Key Principle
RPV theory decomposes a firm's capacity to respond to competitive threats into three layers with decreasing flexibility:
- Resources (what a firm has or can access): Technology, cash, people, brands, distribution. Fungible and acquirable. "It is not so much that a firm has a resource. It is that a firm has access to a resource." (Ch. 2)
- Processes (how a firm repeatedly solves problems): Hiring, budgeting, product development, manufacturing, resource allocation. Rigid by design — "processes are meant not to change." (Ch. 2) They define both capabilities and inabilities simultaneously.
- Values (what a firm chooses to prioritize): The criteria employees use at every level to decide which opportunities deserve resources and which do not. Shaped by cost structure, customer mix, and minimum viable opportunity size. Values are the binding constraint because they are embedded in the economic logic of the business itself.
The "tale of the tape" methodology: assess a competitor by cataloging not just its resources but its processes (inferred from which difficult problems it has repeatedly solved) and its values (inferred from its income statement, customer roster, and past investment decisions). Resource-only assessment produces systematically wrong predictions.
Why This Matters
Most competitive analysis stops at resources — headcount, cash, patents, brand. RPV theory shows why this fails: resources are the easiest layer to change and therefore the least predictive. The real mechanism of incumbent failure is the values filter. A firm requiring 60% gross margins will not prioritize a 20% margin opportunity regardless of how many engineers or dollars it commands. Firm size itself warps values — a $2.5M opportunity meets 50% of a $50M firm's growth target but only 0.5% of a $5B firm's. The opportunity becomes literally invisible at scale.
This is the "values trap": the firm's profit model makes the disruptive opportunity look unattractive precisely because the firm is well-managed. The failure is rational, not negligent — which is what makes it so difficult to overcome.
Good Examples
- Microsoft vs. Linux: Microsoft had 50,000+ employees, billions in cash, dominant brands, and could have designed new processes for modular software. But its values made it "very difficult for Microsoft to prioritize a Linux-based business compared to the other investment opportunities that promise profits that are more attractive." (Introduction) Resources were abundant; values were the binding constraint.

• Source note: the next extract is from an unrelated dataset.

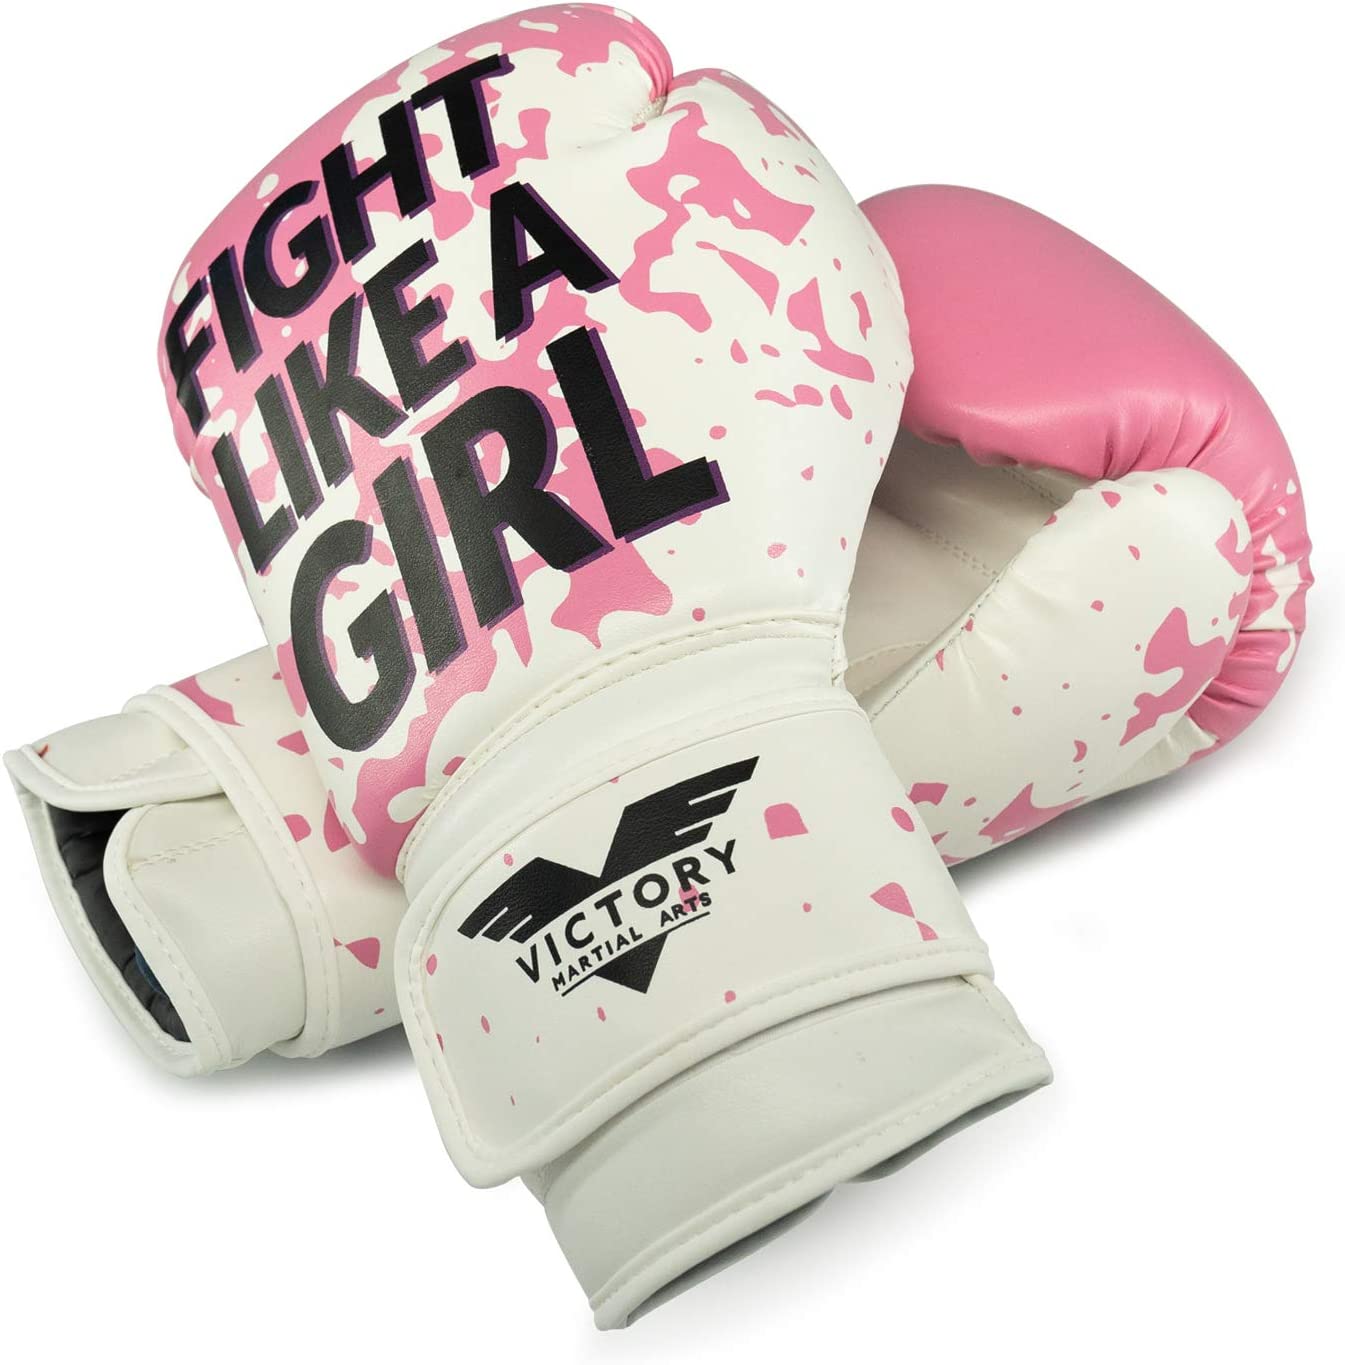 Premium ladies' boxing gloves designed for serious female boxers by Victory Martial Arts. Crafted with top-quality materials, these gloves offer excellent protection, comfort, and durability. Perfect for sparring sessions and intense boxing workouts.

- Western Union vs. Bell Telephone: Western Union had $40M+ capitalization, $3M/year net profits, and a nationwide network. Its 1869 annual report and investment pattern (1860s-70s) revealed values locked onto long-distance data for railroads, newspapers, and financial brokerages. Had it acquired Bell's patents, the authors predict it would have crammed telephony into telegraphy's value network — serving existing customers rather than commercializing the disruptive opportunity. (Ch. 2)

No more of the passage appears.